Thanks a lot for your careful reading and comment, and spotting this potential mistake. I am deeply sorry, I think I got confused when reading about the MaxPro criterion. This criterion is meant to evaluate the projection properties of the design, so the higher projection property, the better, as it helps maximizing the information and having an efficiently spaced design even in the presence of inactive/low importance factors. It influences this spacing by maximizing the product of the distances between potential design points. However in the formula of the MaxPro criterion in the JMP Help, this distance between design points is at the denominator, so indeed it seems this criterion is supposed to be minimized. This is also repeated in Design Diagnostic of JMP Help: "Smaller values are better".

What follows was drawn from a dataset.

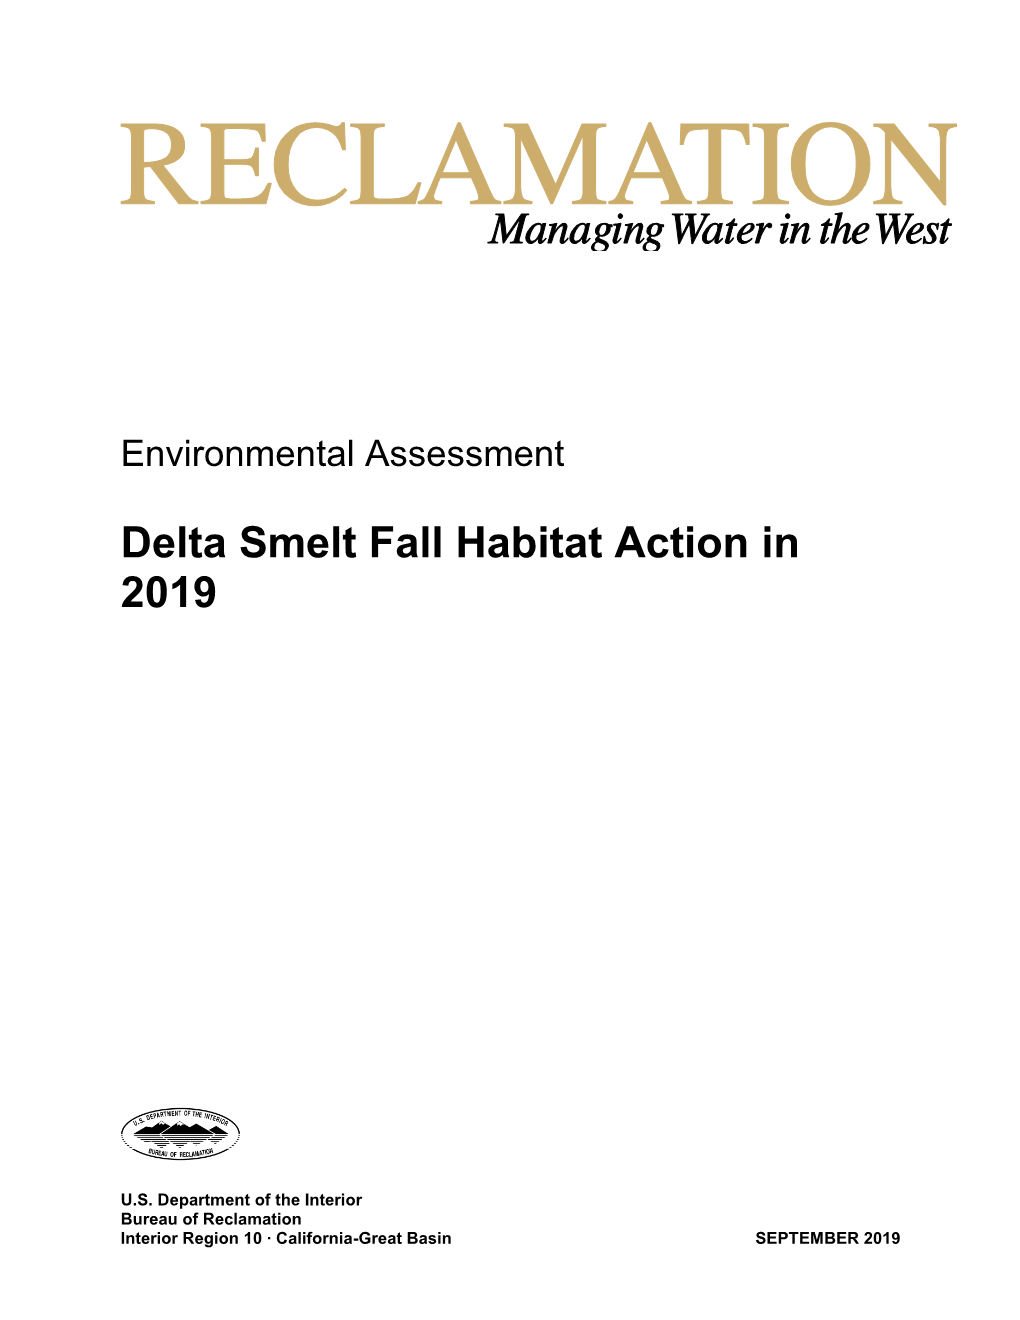 Delta Smelt Fall Habitat Action in 2019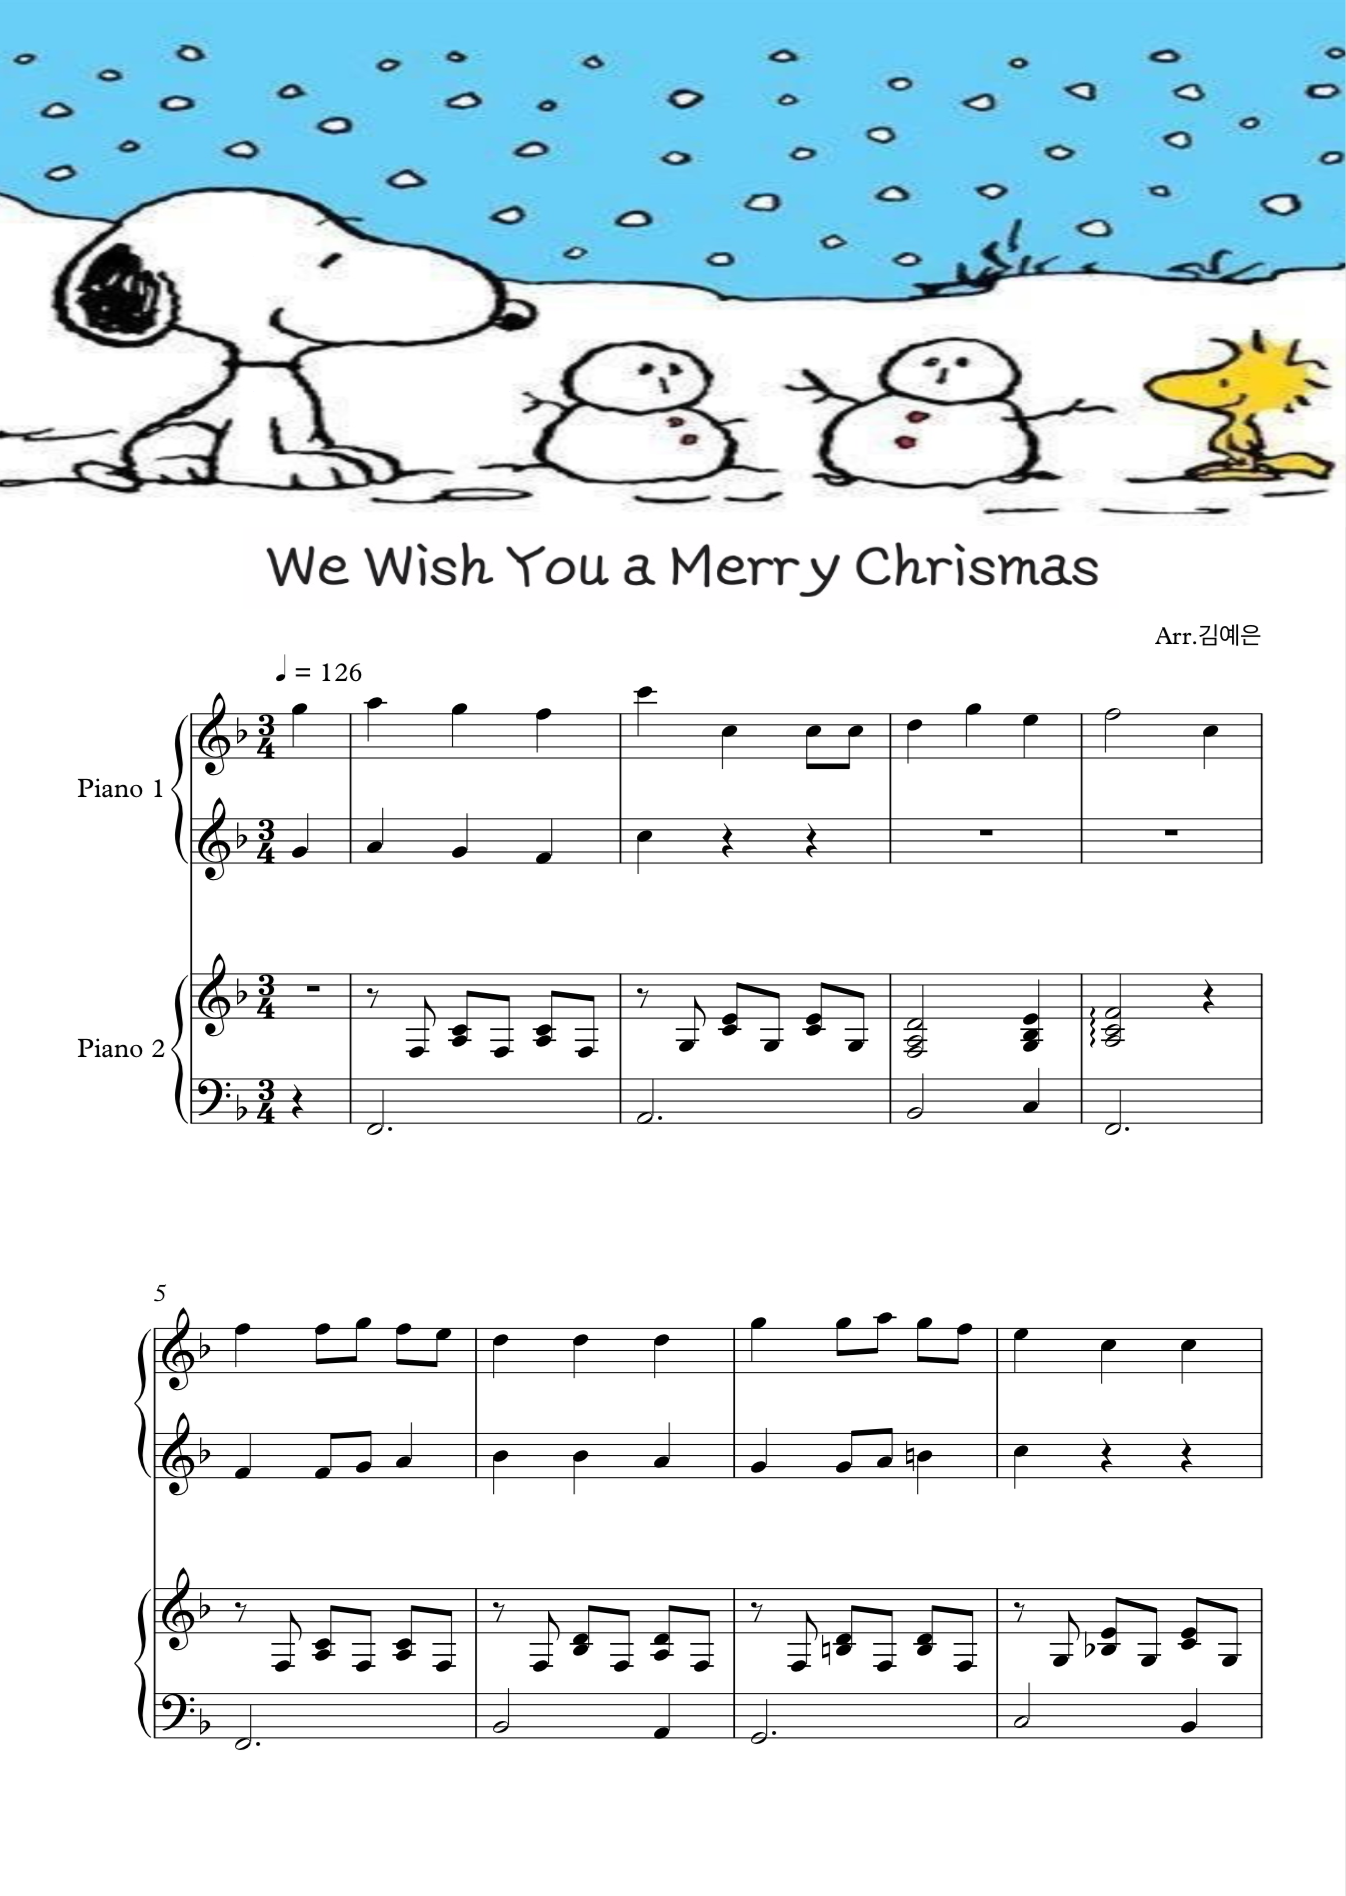 We Wish You a Merry Chrismas 피아노 4핸즈 악보

Even if it is written in the JMP Help, I'm still confused now, and even more when looking at the option Maximize MaxPro criterion in Bayesian Optimization platform. What is the benefit of maximizing the MaxPro criterion (have runs that may be clustered or "stacked" when looking at smaller subspaces of the experimental space) ? The Help in this section mentions: "This option is a model-free exploration of the factor space that avoids replication of any of the factor settings in both the training data and the current batch. Use this option for any batch size when one or more of the models is not fitting well." If the objective is to explore further because the model is not fitting well, should this option try to minimize MaxPro new design points values (to increase distance between design points and explore experimental space) instead of maximizing them, to ensure good coverage of newly added runs ?

If someone from the JMP DoE team could help solve this confusion, I would greatly appreciate !
I will correct as soon as possible parts 2 and 3 of this blog post series accordingly.

charlie_whitman
Staff

@Victor_G - Thanks for the quick response.  It wasn't me who saw the inconsistency but a customer.  Thanks again!

 

Victor_G
Super User

@charlie_whitman sorry again about this mistake. The corrections have been done in parts 2 and 3. Let me know if you or your customers notice some other mistakes (hopefully not).